Edginton is hardly the first writer to base a character on Professor Moriarty, although to my mind, nobody has bettered Rex Stout in his similar creation of Arnold Zeck in the Nero Wolfe novels. Like Moriarty, Stickleback controls an organized crime empire and enforces a brutal code of conduct among the criminals of London. What Moriarty never had was a gang of weirdos to back him up. These include a zombie, a burning man, Siamese twins with steampunk surveillance gear, and a pygmy with a blowgun.
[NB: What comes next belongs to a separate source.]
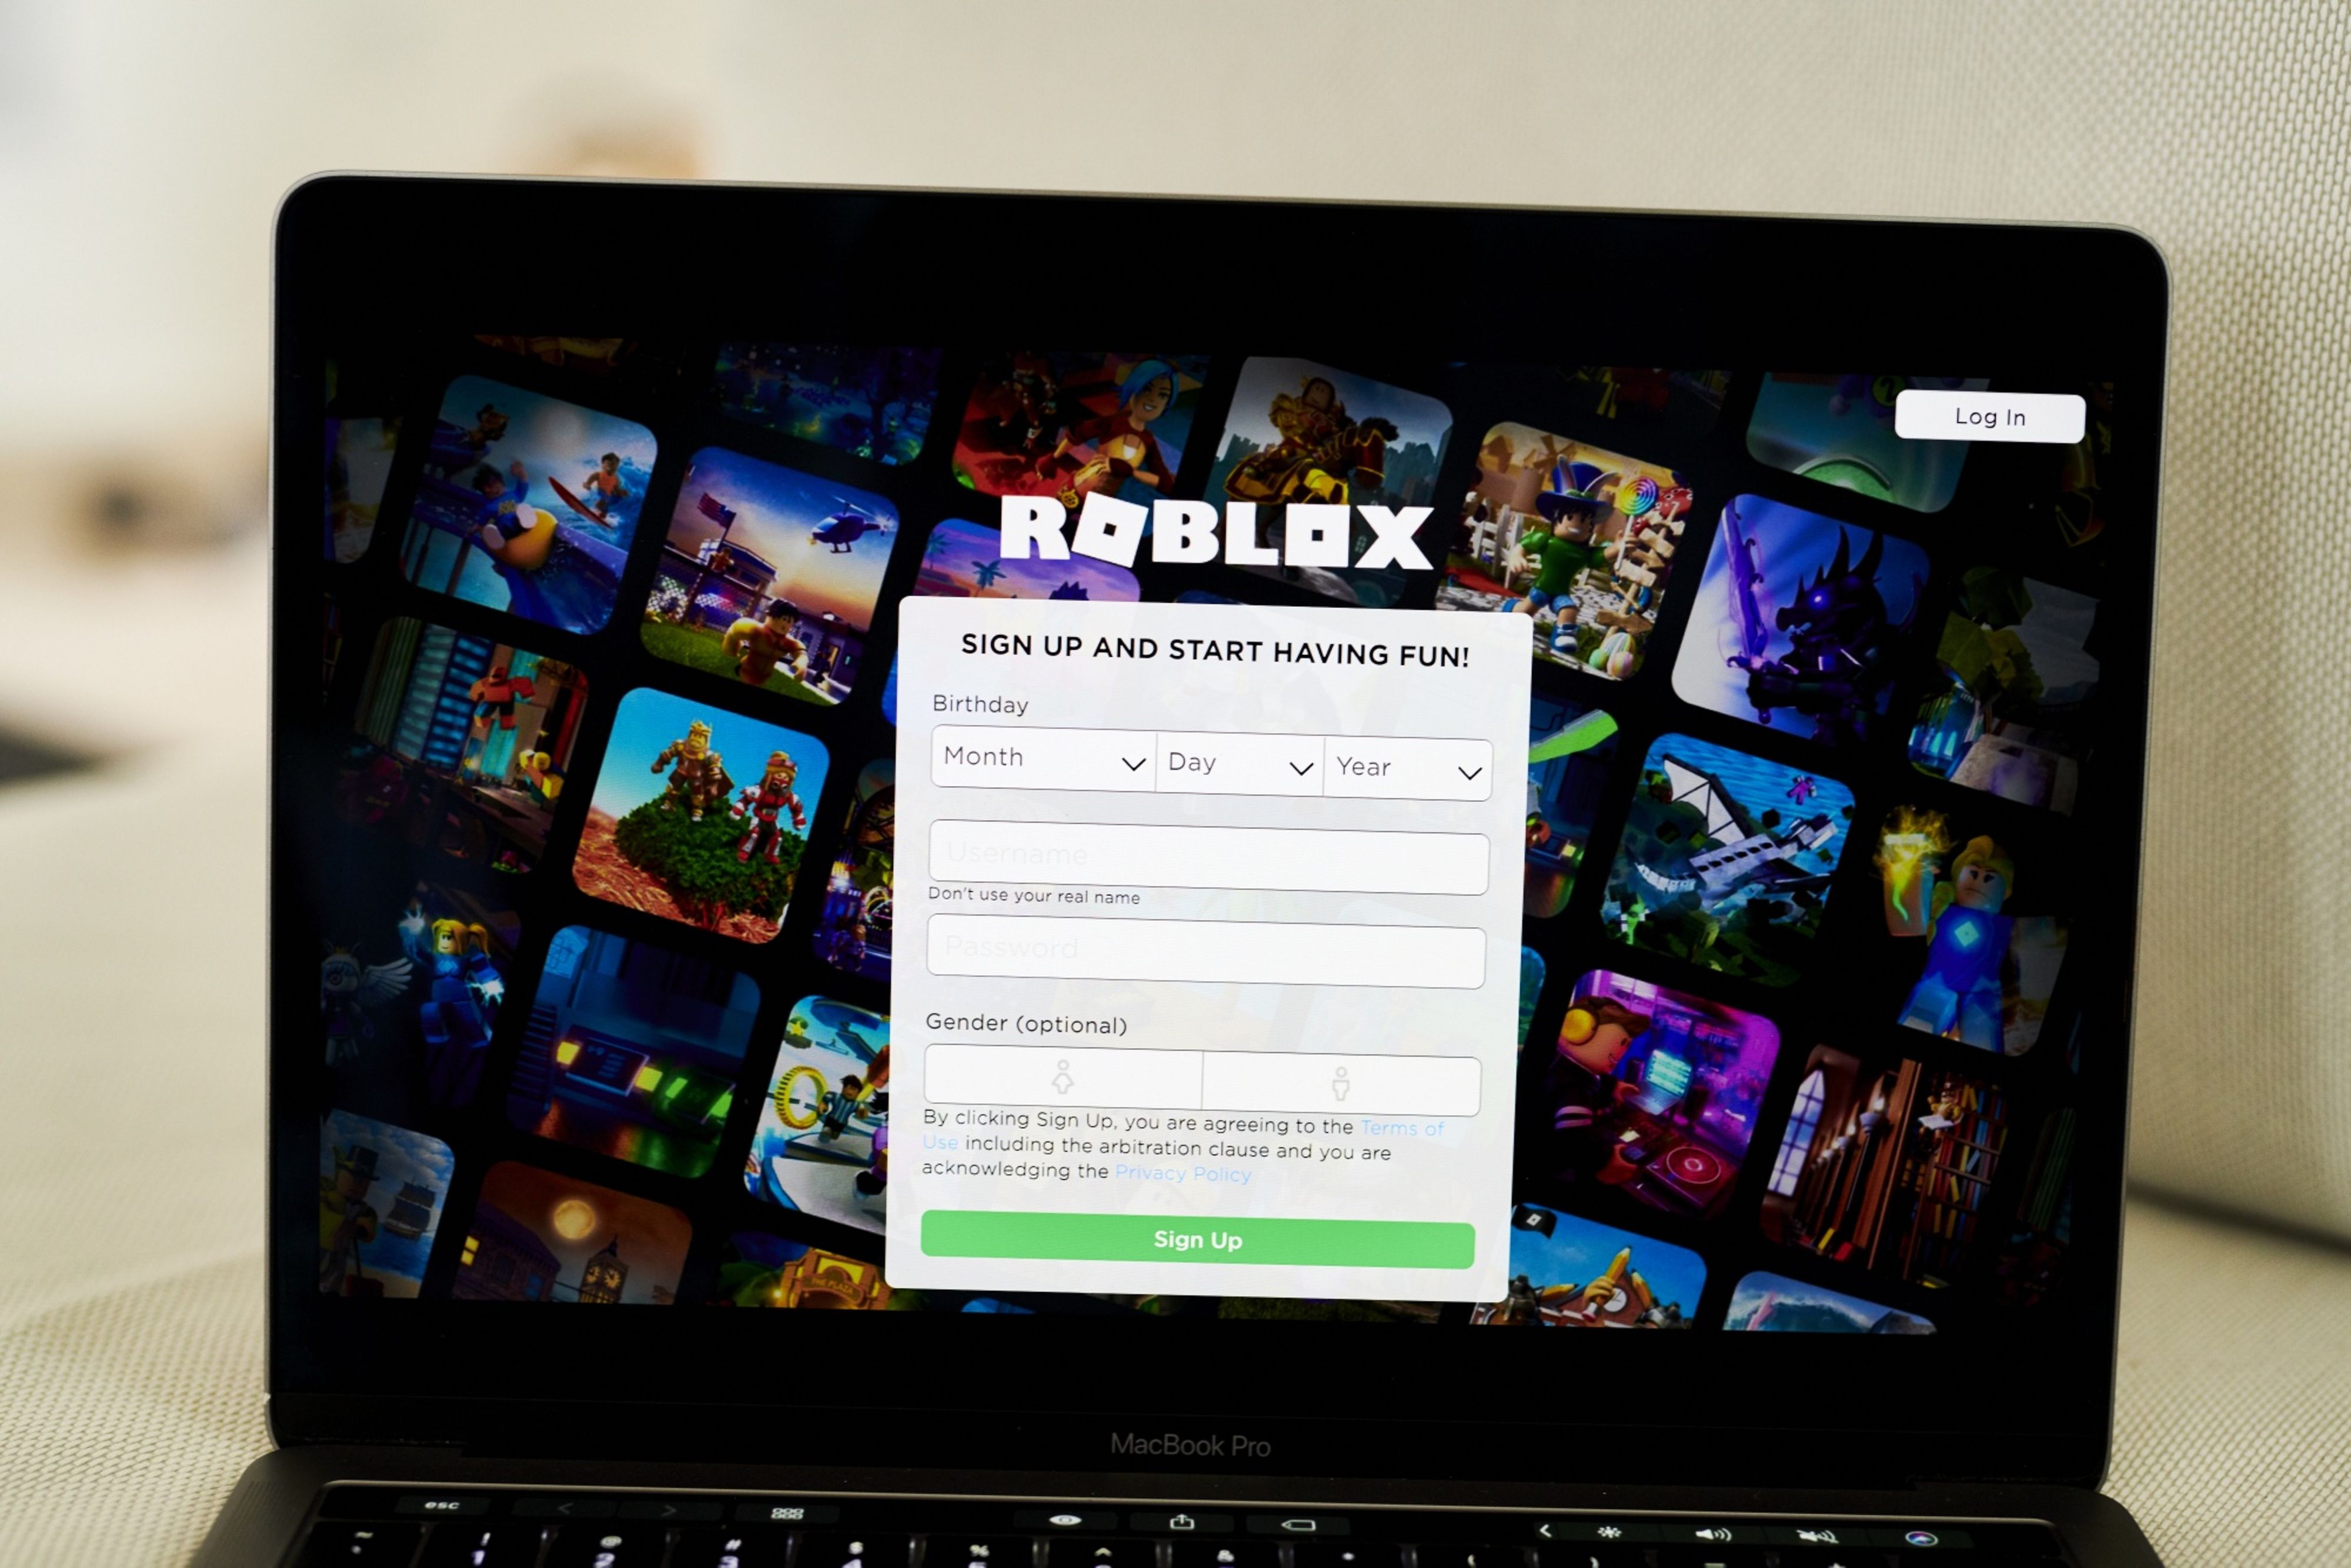 Roblox atinge 48 milhões de jogadores ativos por dia

There's a fantastic bit of rug-pulling in this first adventure. Stickleback has abducted Bey to enlist his help in a curious matter. He alleges that Bey's superior is involved with another grand criminal conspiracy, and wants to employ the law-abiding Bey to ferret out that corruption. Stickleback, after all, has enough to do dealing with honor among thieves in the East End; he hasn't the resources to tackle some Masonic - Royal business in the upper echelons of the police. This is an incredibly entertaining story, and seems to be setting up a series in which Bey and Stickleback would continue their war across several stories of uneasy alliances and awkward double-dealings. But no, thunderously, the first adventure ends with Bey dead and that weird prologue about Gog and Magog shown to be of immediate, fantastic impact on the narrative, and Stickleback's power consolidated in a triumphant finale. I was left breathless for more.
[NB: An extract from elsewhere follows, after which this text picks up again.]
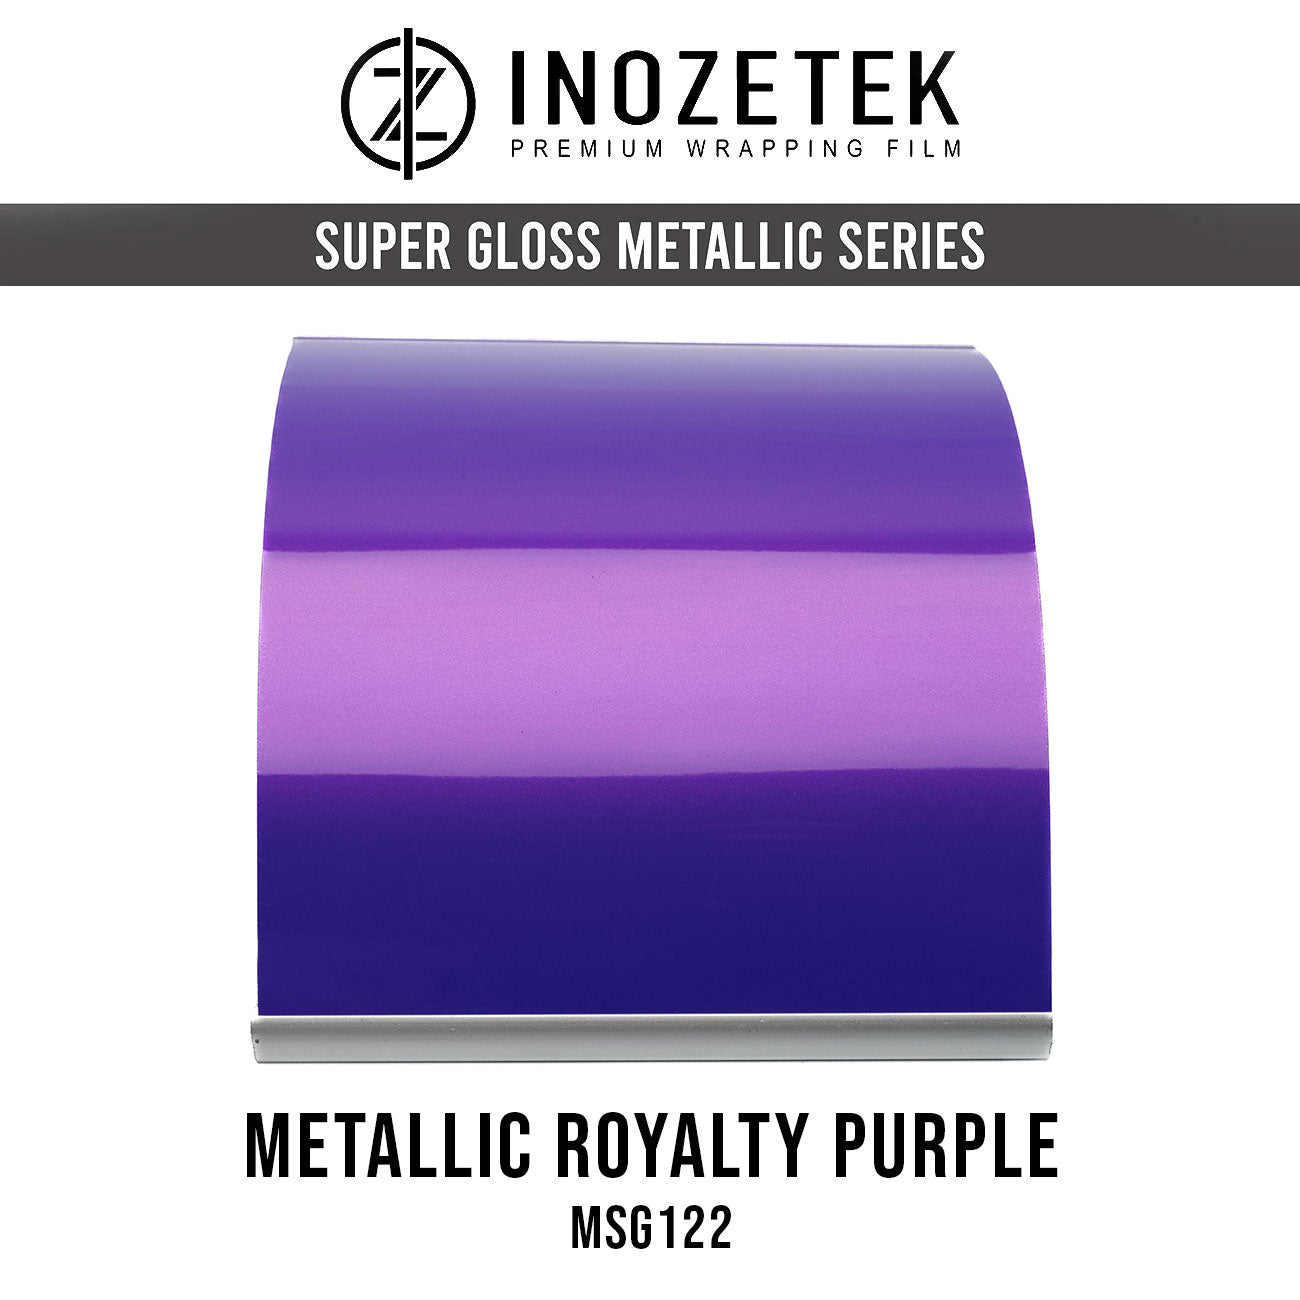 Super Gloss Metallic Royalty Purple - Inozetek USA

Kingdom and Stickleback each run through March 2007 alongside the mammoth new ABC Warriors multi-book epic, about which more next time, and 2000 AD feels more vibrant, alive and amazing than it had at any time in 2006. And it had been a very good year! But a lineup this thunderous doesn't come along just every day. Looking over 2000 AD's wonderful and busy history, can anybody name another prog in which two such amazing and excellent stories debuted? Tharg spoiled us. (Oh, yeah, and it also featured new episodes of Judge Dredd and Harry Kipling (Deceased) and The 86ers and Nikolai Dante and Sinister Dexter... sheesh!)

Stories from this issue (everything except Sin Dex) have been reprinted in the following collected editions:
The 86ers: The Complete 86ers (2000 AD's Online Shop)
The ABC Warriors: The Volgan War Vol. 1 (Amazon UK)
Harry Kipling (Deceased): Mad Gods and Englishmen (free "graphic novel" bagged with Judge Dredd Megazine 323, from 2000 AD's Online Shop)
Judge Dredd: Origins (2000 AD's Online Shop)
Kingdom: The Promised Land (Amazon USA)
Nikolai Dante: The Beast of Rudinshtein (Volume Eight, from 2000 AD's Online Shop)
Stickleback: Mother London (out of print, link to Amazon UK sellers)

Next time, it's giant mecha-Stalins against the ABC Warriors! See you in seven!

1 comment:

Kate H said...

Tharg, in his infinite wisdom, chose to land his Nerve Centre in the UK, so it's only natural that he'd adopt to the native terminology first when trying to communicate with us mere Earthlets.

A "season" really only makes sense in terms of the specific instance of the way US network television works. Our TV evolved differently and the word "season" has never been used much over here, except by makers/devotees of programmes aiming for transatlantic appeal. It'd be even less meaningful in the context of a weekly anthology comic, while "series" (despite the potential for double-meaning) does just about make sense. Sort of.